System | Toolchain |
---|---|
Linux | Python (==3.9), pip(>=23.3.1) |
To build PETNet as a docker image, execute:
python3 setup.py sdist bdist_wheel
Here is an example to show how to use CryptoDataEngine to parallize privacy computation.
from crypto_data_engine.context import Context
from crypto_data_engine import PREDEFINED
from crypto_data_engine.data.data_type import DataType
class SinglePartyFunction:
def udf(self, index, inputs, outputs, *args, **kwargs):
for idx, input_ in enumerate(inputs):
rows = input_.read()
for row in rows:
row[2] = str(float(row[2]) * (index + 1))
outputs[idx].save(rows)
return True
with Context(work_directory='') as ctx:
local = ctx.csv_dataset(
file_path='../../test/data/a.csv',
data_type=[DataType.Integer, DataType.String, DataType.Float]
)
# sorted src data
local_sorted = ctx.csv_dataset(
file_path=f'../../test/data/a_sorted.csv',
data_type=[DataType.Integer, DataType.String, DataType.Float]
)
# final output
# result = ctx.dataset(file_path='../../test/data/result.csv')

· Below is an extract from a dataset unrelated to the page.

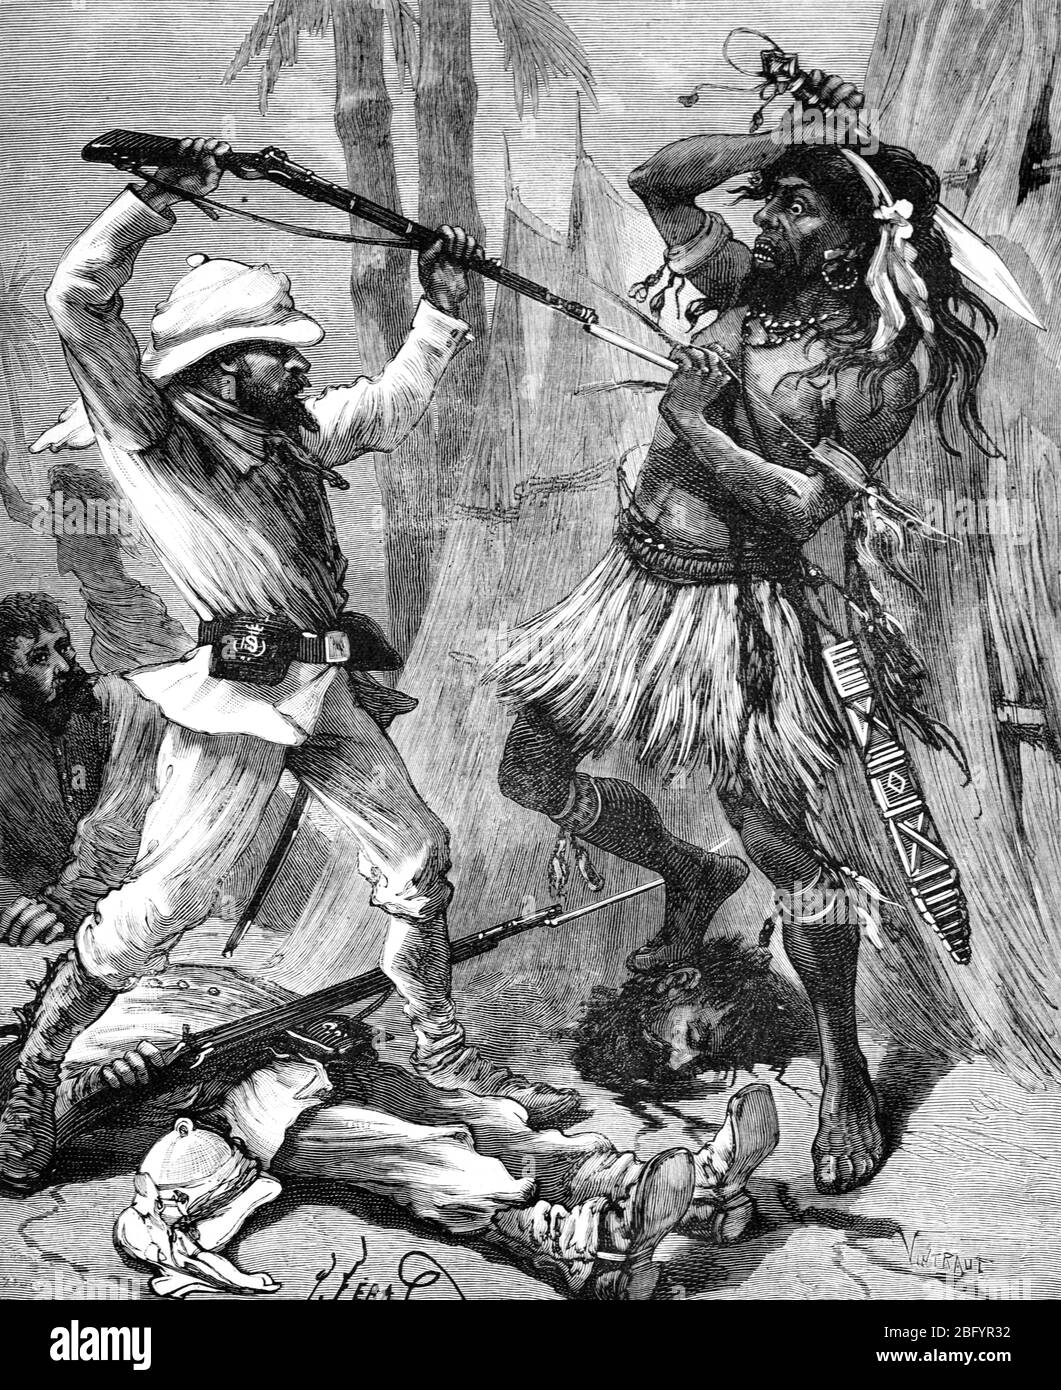 Juramentado Warrior o Moro Swordsman combattono invasore spagnolo a Mindanao o Isole Sulu nelle Filippine meridionali. Vintage o Old Illustration o Engraving 1889 Foto Stock

result = ctx.csv_dataset()
ctx.compute(PREDEFINED.SORT_BY_KEY, None, [local], [local_sorted], 1)
ctx.compute(PREDEFINED.REPARTITION, None, [local_sorted], [], 1)
ctx.compute(None, SinglePartyFunction().udf, [local_sorted], [result])
ctx.execute()
print(result.file_path)
Please check Contributing for more details.
Please check Code of Conduct for more details.
This project is licensed under the Apache-2.0 License.
This software is not an officially supported product of TikTok. It is provided as-is, without any guarantees or warranties, whether express or implied.